Re-drafted and re-released under a new name and softened new look after it was peppered by criticism both public and architectural, the bloodied “Terraces” project – now known as the Homes at Deer Hill – finally met with approval from the Lafayette city council last Monday.
The unanimous decision – with Vice Mayor Traci Reilly recusing herself after lending her signature to a petition opposing the project prior to her election in 2012 – allows The O’Brien Land Company to build 44 clustered single-family homes on the former site of an old quarry site at the nexus of Highway 24 and Pleasant Hill Road.
The homes, each carrying million dollar price tags and featuring Lafayette-friendly amenities including sports fields and dog runs, are a far cry from the Terraces of Lafayette project proposed by O’Brien and landowner Anna Maria Dettmer more than four years ago.
While many still oppose the development, caddy-corner from Acalanes High School and fronting Deer Hill and Pleasant Hill roads, is a far cry from the initial project design one local planning commissioner blasted as “train wreck architecture.”
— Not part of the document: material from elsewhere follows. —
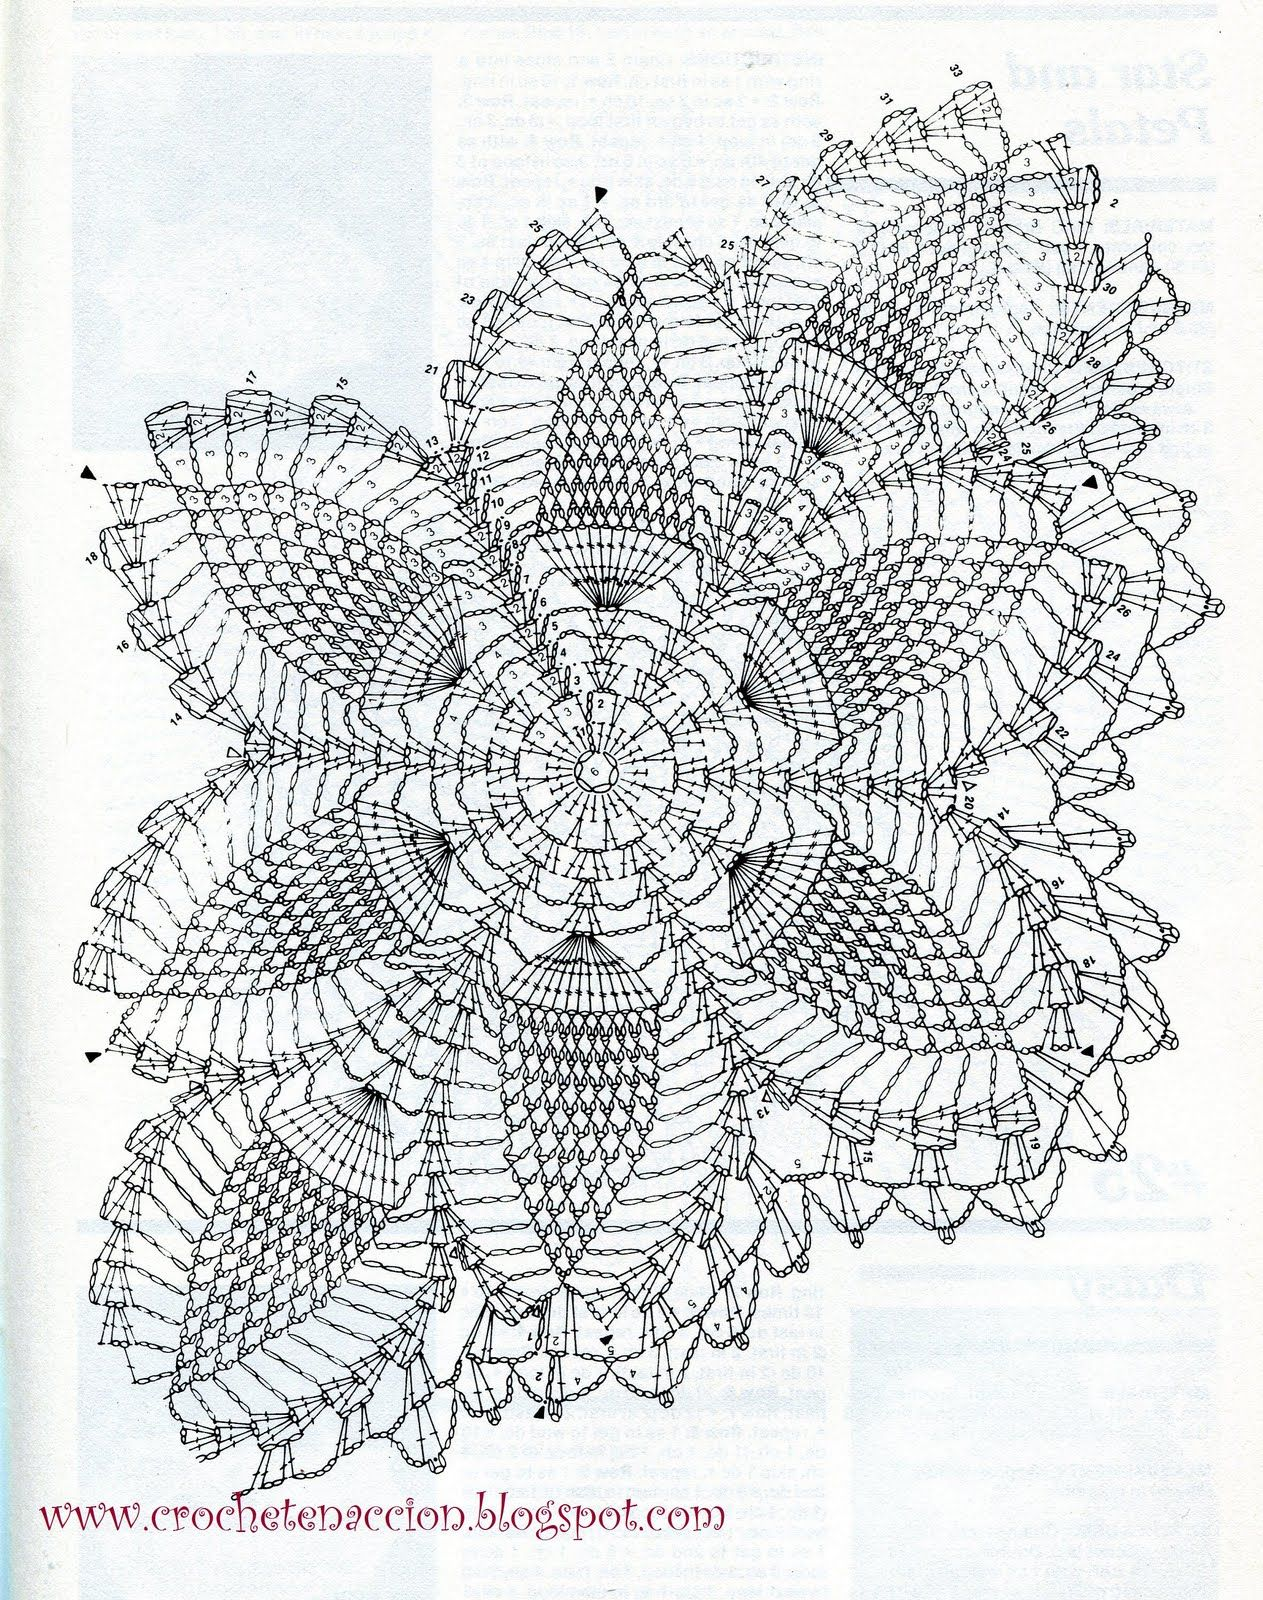 Pineapple Crochet Doily Diagram 1998 Honda Accord Stereo Wiring Esquema Pinterest Doilies

The project, possibly the most contentious in city history, sparked threats of legal action and hyperbole from all sides and pressed forward Monday despite additional, Eleventh Hour threats of a lawsuit by affordable housing advocates.
O’Brien changed direction and pushed its single family re-design in 2013 after the company’s representatives, frustrated by the project’s lack of progress, threatened lawsuits of their own in response to delays in processing the city’s environmental review.